Doing business with defense and intelligence community customers, not to mention several civilian agencies, brings a host of additional regulatory compliance challenges that Wiley’s Government Contracts attorneys are uniquely positioned to help clients navigate. Leveraging our extensive Telecom, Media & Technology, National Security, and Privacy, Cyber & Data Governance experience, our attorneys advise our clients on compliance with the National Industrial Security Program Operating Manual (NISPOM); other U.S. Department of Defense (DOD) cybersecurity requirements relating to unclassified information, including Controlled Unclassified Information (CUI); NIST 800-171 DOD Assessments; the Cybersecurity Maturity Model Certification (CMMC) framework; and various supply chain risks, including compliance with Section 889 of the FY19 National Defense Authorization Act and implementing regulations.

Our representative experience includes:

  • Advising clients on all aspects of successfully implementing cybersecurity requirements for federal contractors, including DFARS 252.204-7012, Safeguarding Covered Defense Information, NIST 800-171 DOD Assessments, and the CMMC framework.
  • Drafting policies and procedures governing compliance with Section 889 restrictions, including communications with subcontractors; assisting with the conduct and documentation of contractors’ “reasonable inquiry” into their use of covered equipment or services; and drafting comments on the interim FAR rule to address industry-specific concerns.
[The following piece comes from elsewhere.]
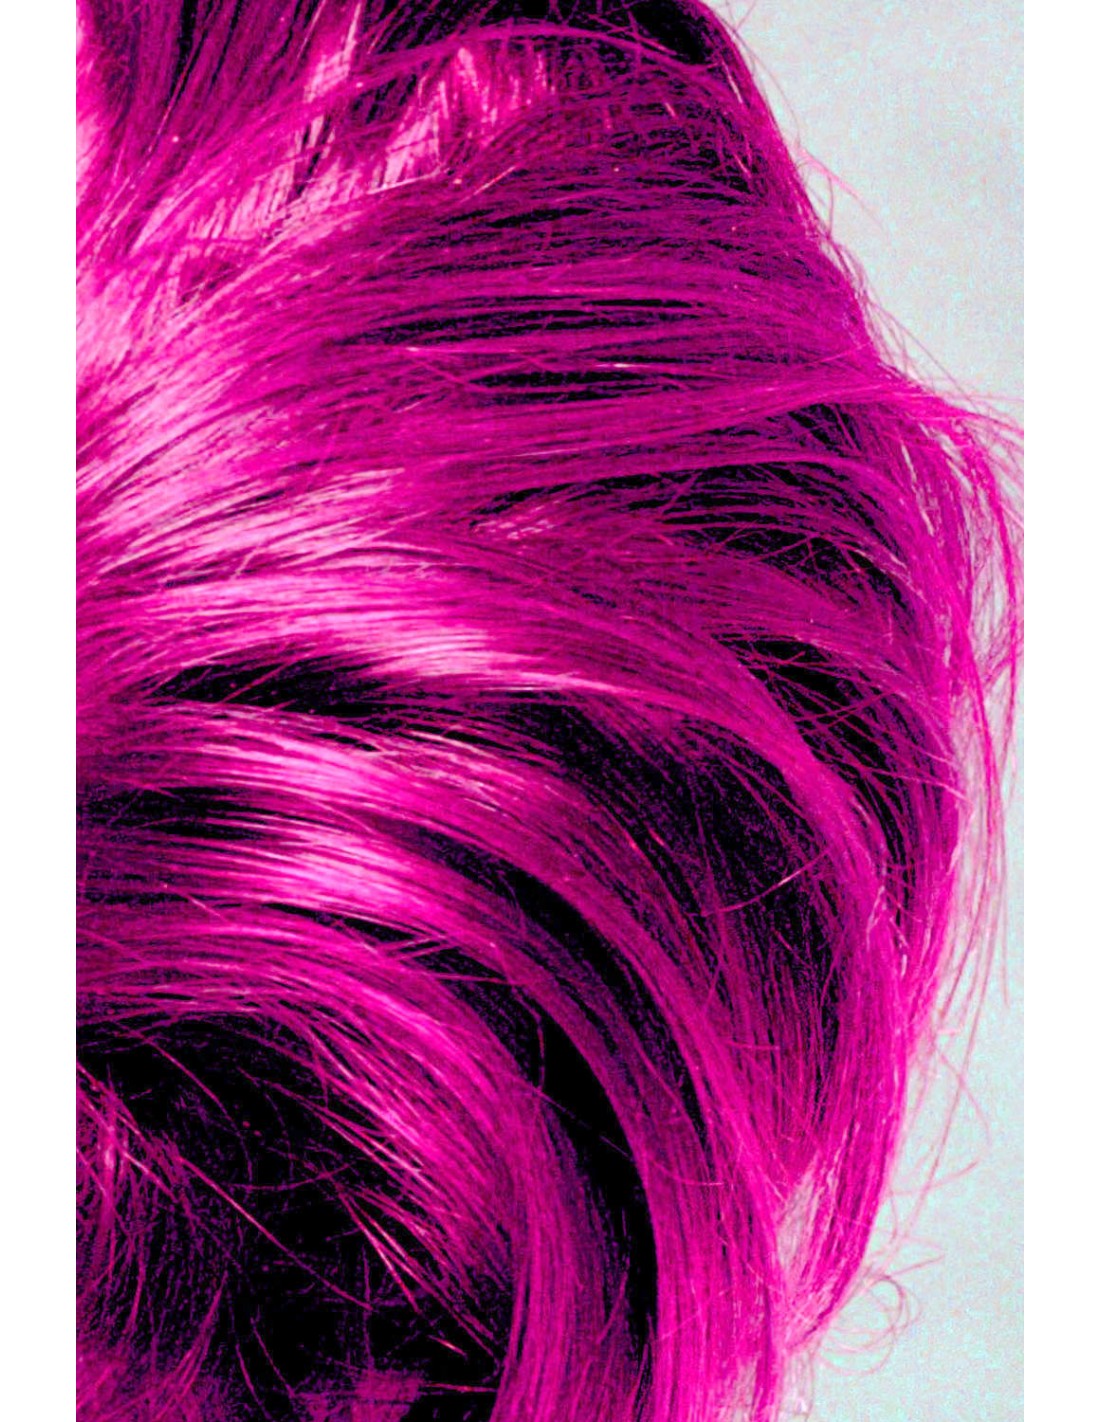 https://www.madamechocolat-shop.com/20133-thickbox_default/manic-panic-hair-dye-hot-hot-pink-classic-cream-formula.jpg

  • Engaging with agency customers to coordinate FISMA audits of contractor information systems, including negotiating the scope of audits and any potentially malicious penetration testing.
  • Assisting clients with incident response handling and management, including mandatory and voluntary disclosures of cyber incidents to federal agency customers, regulators, and affected individuals.
  • Helping companies interact with the U.S. Department of Homeland Security (DHS) to share information and assess risks to business operations and critical infrastructure. This includes communications protected by the Cybersecurity Information Sharing Act of 2015 (CISA) and the Protected Critical Infrastructure Information (PCII) program.
  • Litigating dozens of matters involving cybersecurity and computer forensic evidentiary issues, including False Claims Act and Computer Fraud and Abuse Act cases. This includes cybersquatting litigation to end domain-name hijacking and other exploitations.
  • Defending and successfully resolving whistleblower allegations and a government investigation regarding cybersecurity obligations for sensitive compartmented information systems under ICD 500 and DCID 6/3.
  • Investigating and responding to potential data spills involving classified information and classified information systems, including reporting to and coordinating with the Defense Counterintelligence and Security Agency (DCSA) and cognizant security agencies.
  • Anticipating and shaping activity across the federal government (NTIA, NIST, FTC, DOJ, FCC, DHS, and the White House) involving cyber initiatives that directly and indirectly impact companies, including CISA, the NIST Framework for Improving Critical Infrastructure Cybersecurity, NIST publications, proceedings on botnets, market transparency, and the security of the communications and internet infrastructure.